Kurz und knapp in Auszügen über den Zustand der Bundeswehr, der sich auch trotz "Sondervermögen" nicht wesentlich ändern wird. Man kann schließlich nicht alles haben, denn die Gelder, die der Bundeswehr nächstes Jahr zur Verfügung stehen, sollen wesentlich geringer sein als die Gelder, die dieses Jahr der Bundeswehr zur Verfügung standen, weil es ja das "Sondervermögen" gibt. Also alles in allem wieder ein großer Trick.

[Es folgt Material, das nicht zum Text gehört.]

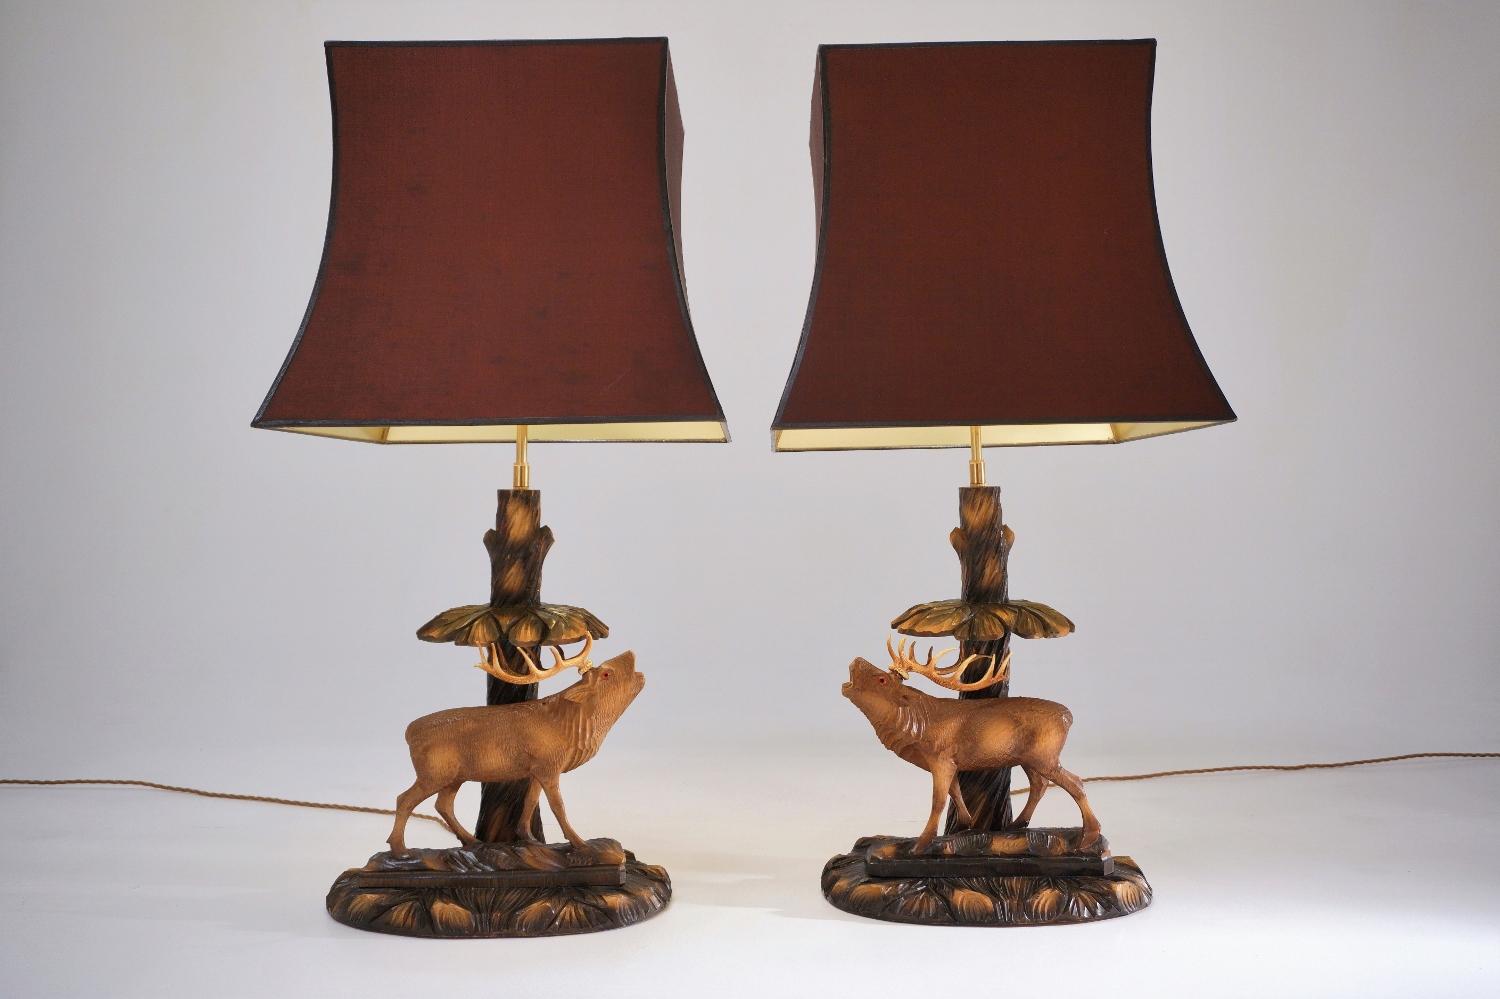 Adirondack Deer Lamp, a Pair Black Forest Carving by Rhön Sepp 1940s, Germany For Sale

ZEIT ONLINE: Es geht oft um einfache Dinge wie neue digitale Funkgeräte, die die Soldatinnen und Soldaten dringend brauchen, aber nicht bekommen, obwohl die Milliarden bereitstehen.
Högl: Das stimmt. Aber daran wird auch mit Hochdruck gearbeitet. Ende November wird im Haushalts- und im Verteidigungsausschuss endlich über die Funkgeräte entschieden. Die wären dann das Erste, was aus dem 100 Milliarden Euro schweren Sondervermögen finanziert wird, mit Ausnahme der persönlichen Ausstattung – Schutzwesten und Rucksäcke beispielsweise –, die bereits bestellt ist und bis 2025 eintreffen soll.
Manche Soldaten kaufen sich die Ausrüstung privat auf eigene Kosten.
Eva Högl
ZEIT ONLINE: Es braucht mehrere Jahre, um Rucksäcke zu bestellen und an die Soldatinnen und Soldaten zu verteilen?
Högl: Für die Bundeswehr ist das schon richtig schnell. 2,4 Milliarden Euro hat das Parlament für die persönliche Ausstattung bewilligt. Aber bislang haben sie fast nichts bekommen. Das Geld muss jetzt in der Truppe ankommen.
ZEIT ONLINE: Warum ist das so schwierig, die richtigen Kleidungsstücke in ausreichender Menge zu beschaffen?
Högl: Leider gibt es auch bei der Bundeswehr in den Ämtern manchmal Gleichgültigkeit und Desinteresse bei den zuständigen Beamten: Haben wir nicht, geduldet euch, wird schon nicht so wichtig sein, schicken wir hinterher, so etwas hören die Soldaten ständig. Manche Soldaten kaufen sich deshalb die Ausrüstung privat auf eigene Kosten.
ZEIT ONLINE: In ihrem Jahresbericht 2021 ist zu lesen, dass die deutschen Kräfte in Osteuropa unter den Verbündeten als schwächstes Glied in der Kette gelten.
Högl: Das ist unangenehm, aber leider wahr. Nehmen Sie die alten, analogen Funkgeräte: Mit denen können sie nicht mit internationalen Partnern kommunizieren. Die deutschen Soldaten haben noch Sprechtafeln, manchmal muss auch jemand aus dem Panzer herausschauen und winken oder etwas zurufen. Das ist kein Witz. Das ist Einsatzrealität der Bundeswehr im Jahr 2022. Und gegenüber unseren Verbündeten peinlich.
ZEIT ONLINE: Sie haben bereits nach einem Truppenbesuch in Litauen Alarm geschlagen, dass nicht einmal ausreichend wärmende Unterwäsche vorhanden war.

Högl: Das habe ich bewusst öffentlich gemacht. Und die fehlende Thermokleidung ist kein Einzelfall. Kürzlich war ich beim Jägerbataillon 292 in Donaueschingen. Deren Soldaten verlegen gerade nach Mali und ihnen fehlten unmittelbar vor dem Abflug noch Hosen, Hemden und Schutzwesten in der richtigen Größe. Sie konnten nicht mal in Schutzausrüstung trainieren. Dabei muss im Ernstfall alles sitzen.
https://www.zeit.de/politik/deutschl...to-zeitenwende

ZEIT ONLINE: Ist die Bundeswehr derzeit überhaupt auch nur bedingt einsatzbereit?
Högl: Ich sage nicht, dass unsere Soldaten nicht einsatzbereit sind. Aber ausreichend funken können sie beispielsweise nicht. Wegen dieser Lücke ist die Bundeswehr unter anderem nicht vollständig einsatzfähig.
https://www.zeit.de/politik/deutschl...nwende/seite-2

Högl: Die rote Linie ist die Einsatzbereitschaft der Truppe. Die Bundeswehr muss in der Lage sein, ihren Auftrag zu erfüllen. Es gab vor dem 24. Februar bereits zu wenig, nun ist es noch schlechter geworden, weil Systeme an die Ukraine abgegeben wurden und nichts Neues gekommen ist. Ich befürworte die Abgabe von Schützenpanzern, die bei der Industrie stehen. Die gehören nicht der Bundeswehr und fehlen der Truppe damit auch nicht.